→ TASK TO COMPLETE
Your task is to restate the listing word for word without the pictures.

→ INPUT DATA
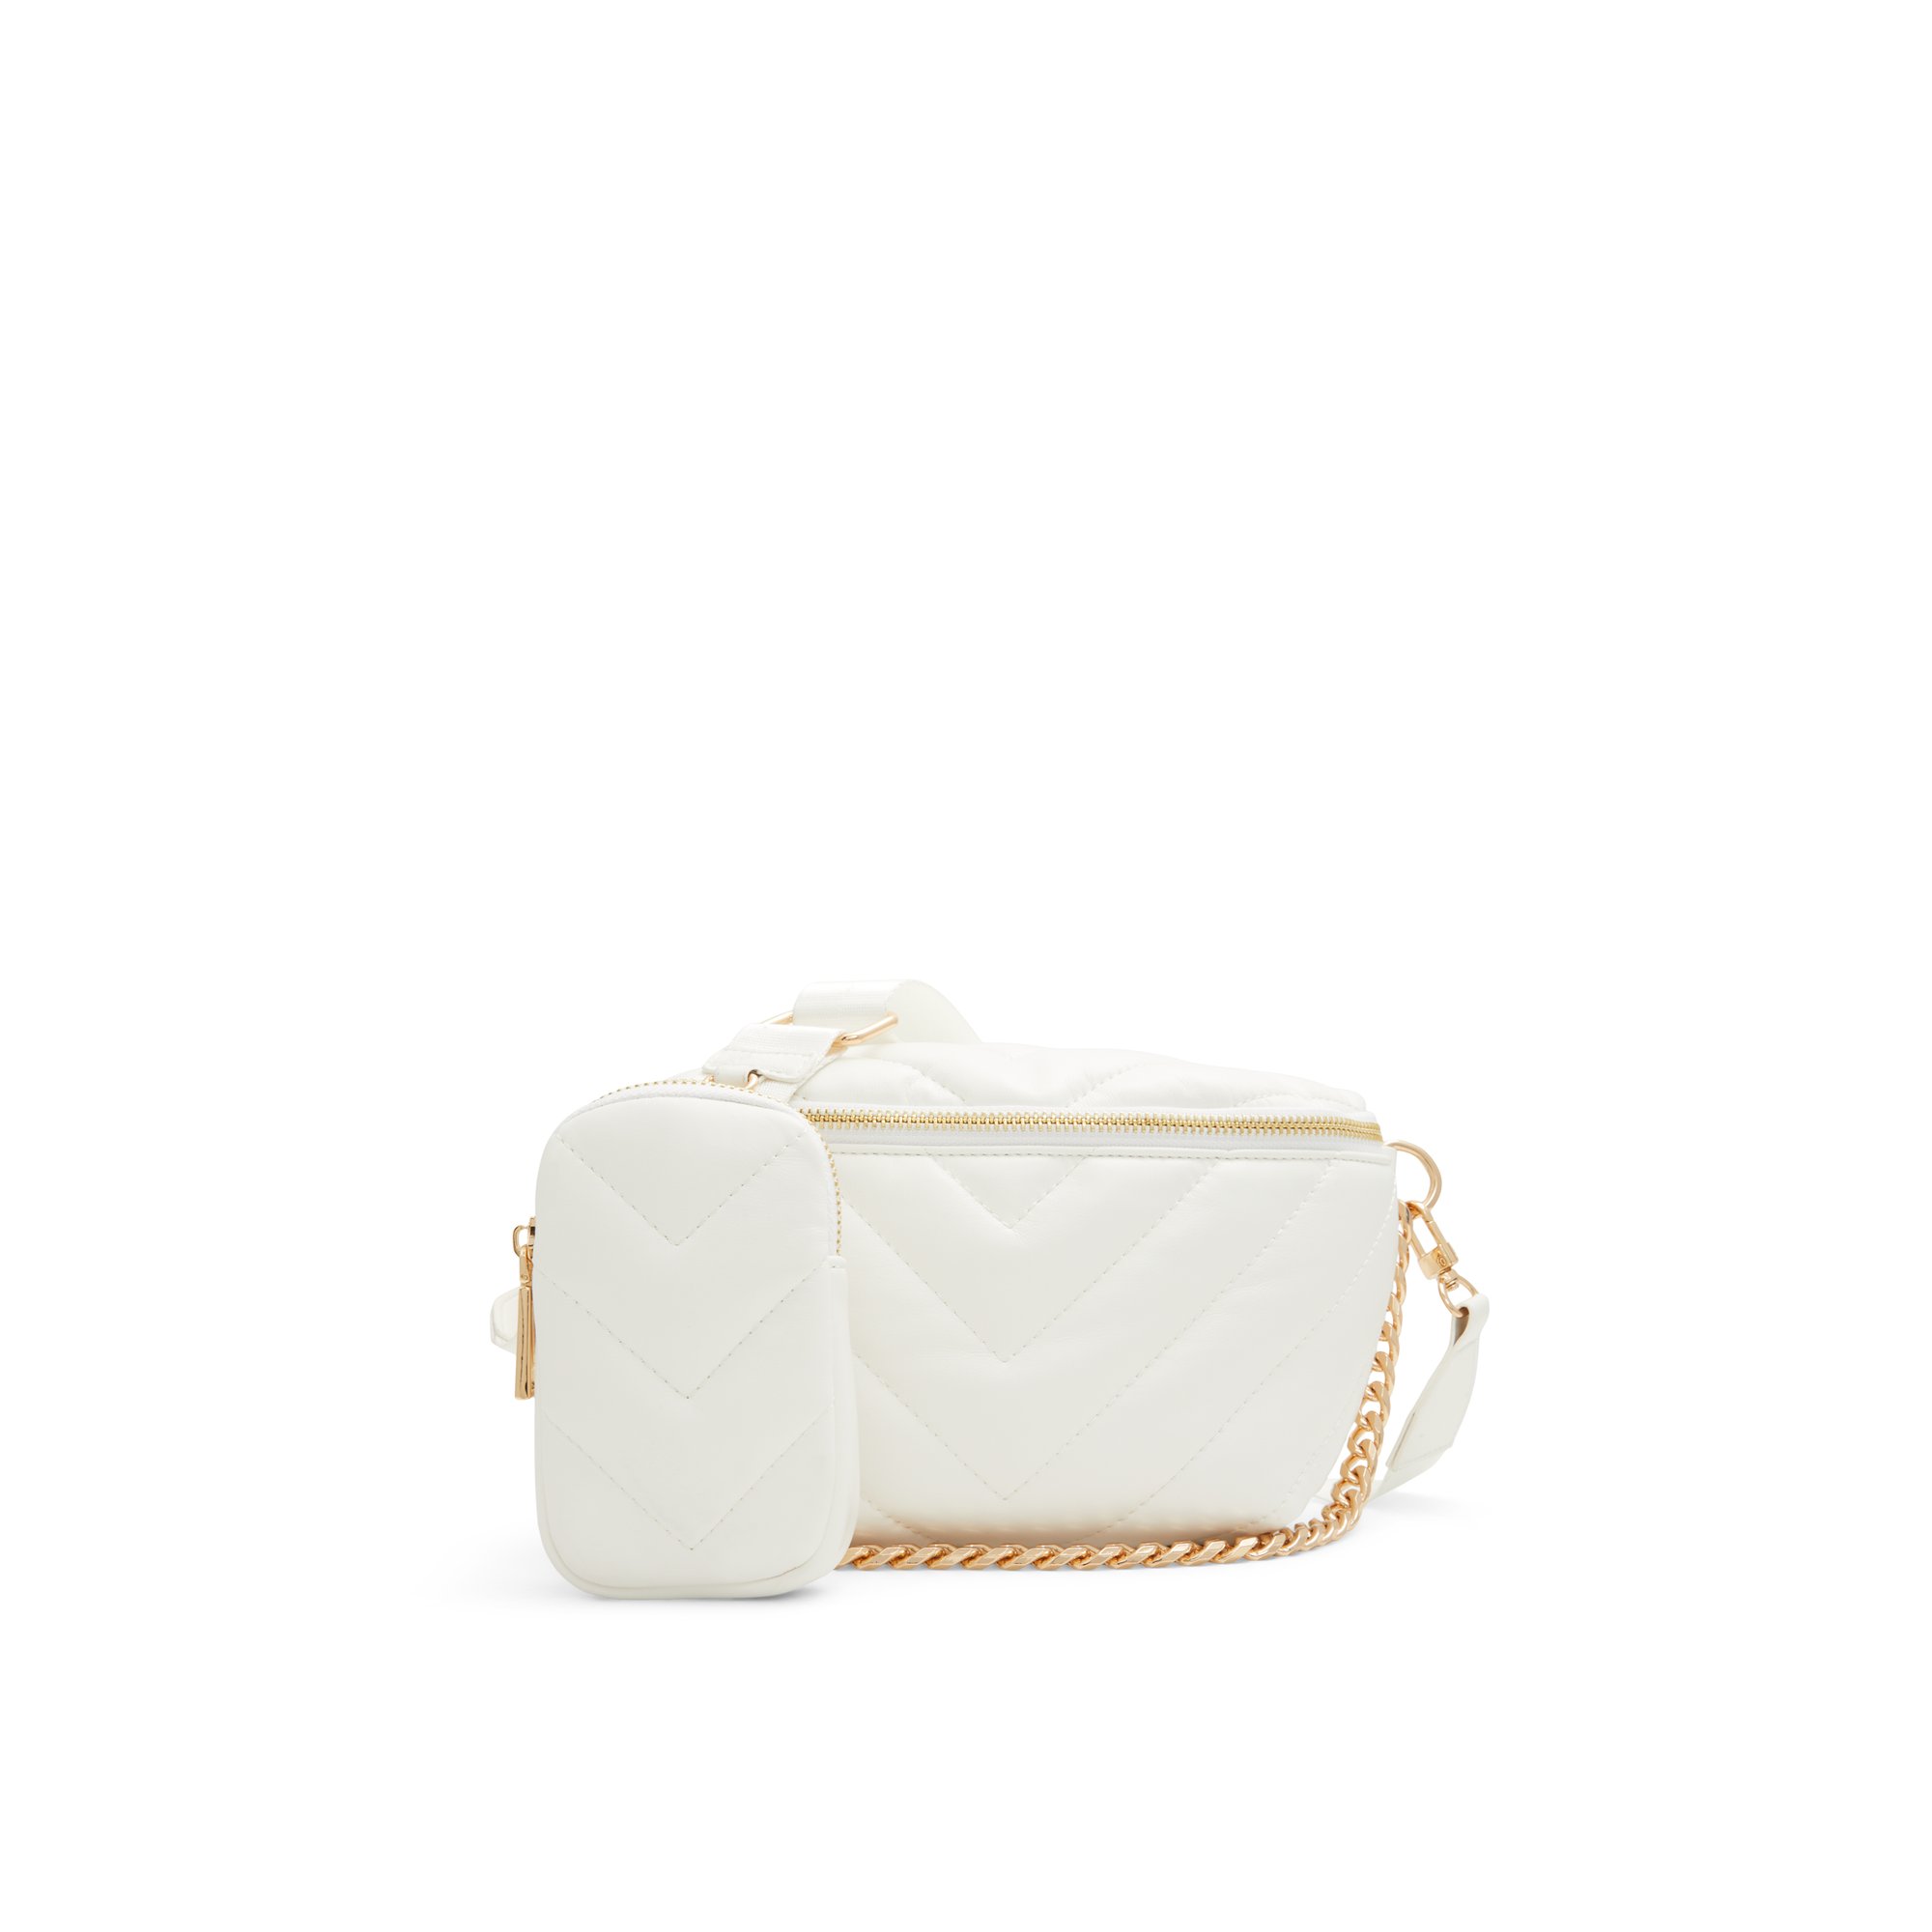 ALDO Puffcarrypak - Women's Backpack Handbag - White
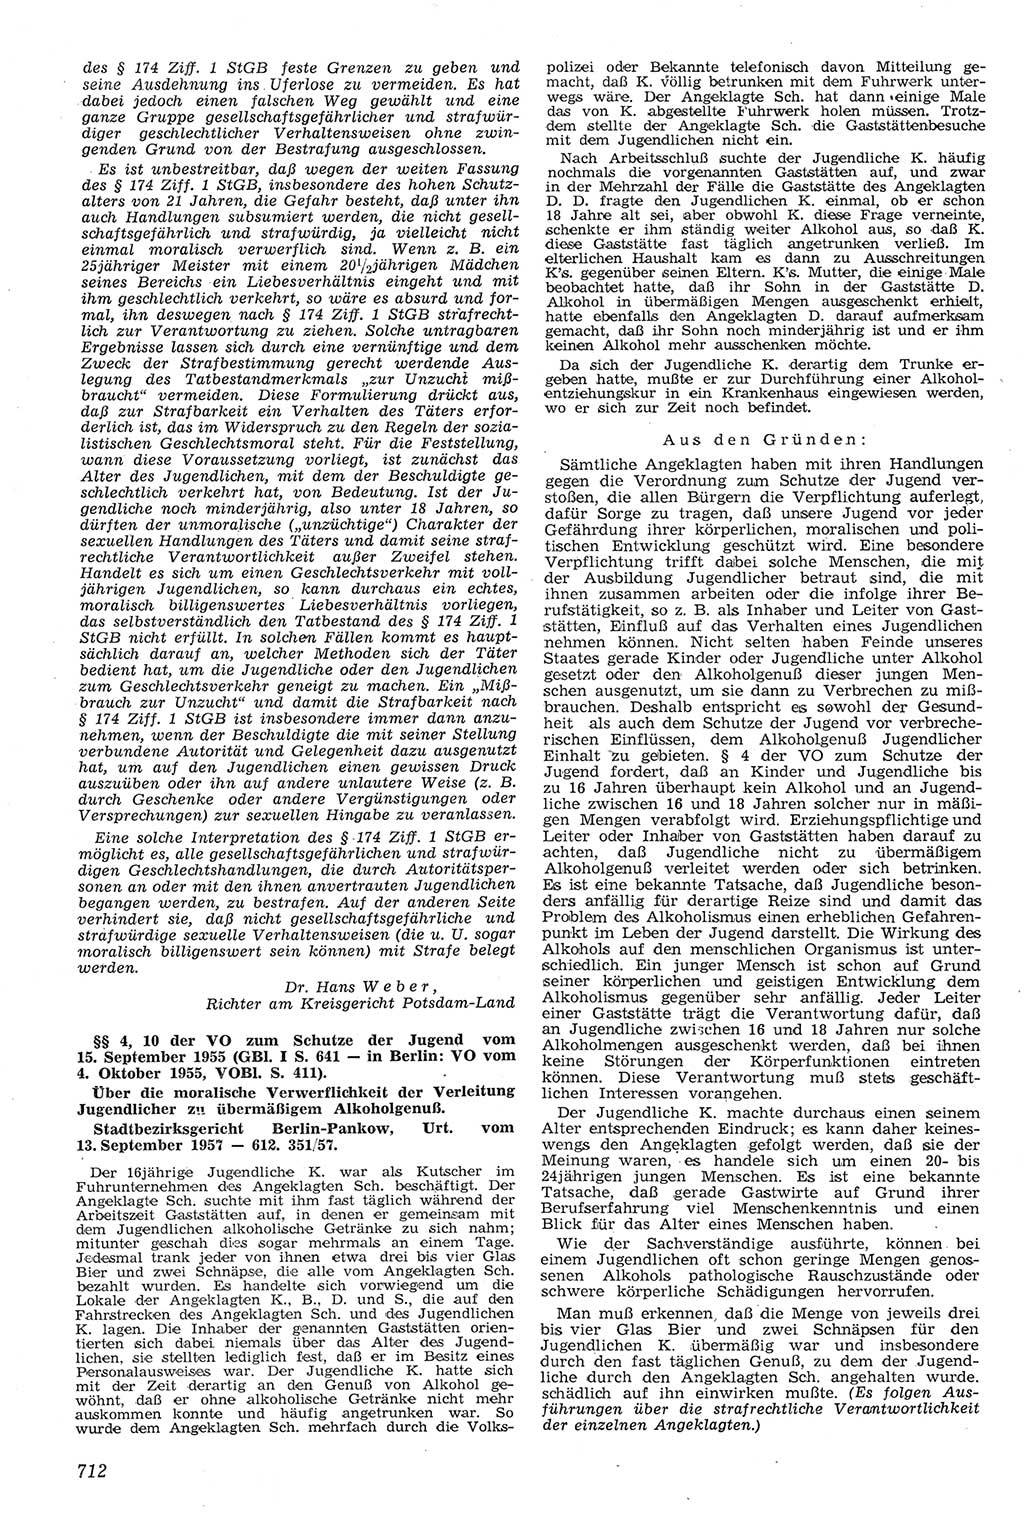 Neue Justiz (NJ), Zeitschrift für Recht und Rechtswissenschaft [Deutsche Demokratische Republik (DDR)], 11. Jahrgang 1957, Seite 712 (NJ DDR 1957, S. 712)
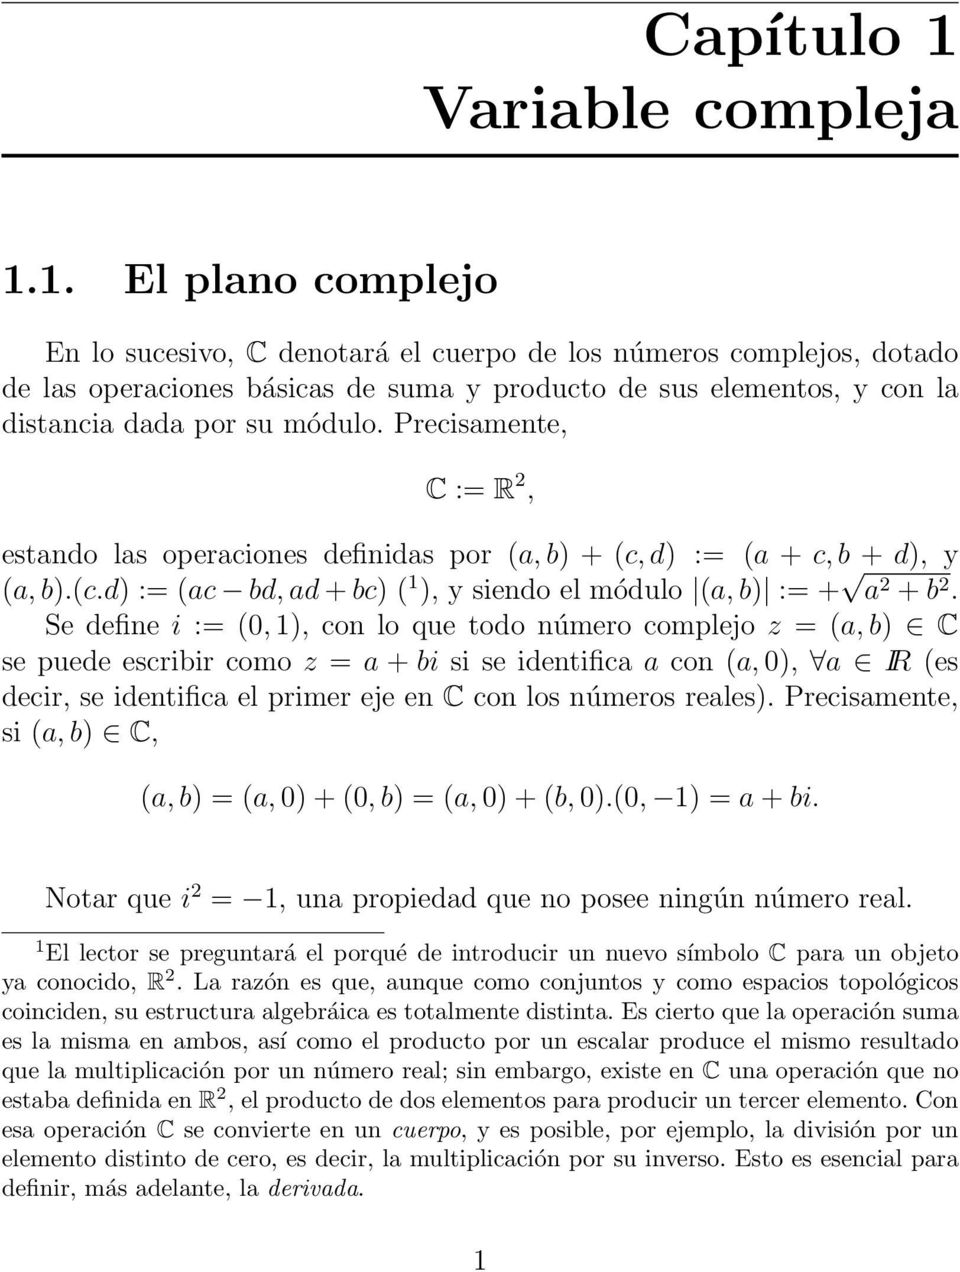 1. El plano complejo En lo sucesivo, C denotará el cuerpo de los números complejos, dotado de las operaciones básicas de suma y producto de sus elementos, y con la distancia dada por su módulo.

→ REPLY
 ALDO Puffcarrypak - Women's Backpack Handbag - White
 Neue Justiz (NJ), Zeitschrift für Recht und Rechtswissenschaft [Deutsche Demokratische Republik (DDR)], 11. Jahrgang 1957, Seite 712 (NJ DDR 1957, S. 712)
 1. El plano complejo En lo sucesivo, C denotará el cuerpo de los números complejos, dotado de las operaciones básicas de suma y producto de sus elementos, y con la distancia dada por su módulo.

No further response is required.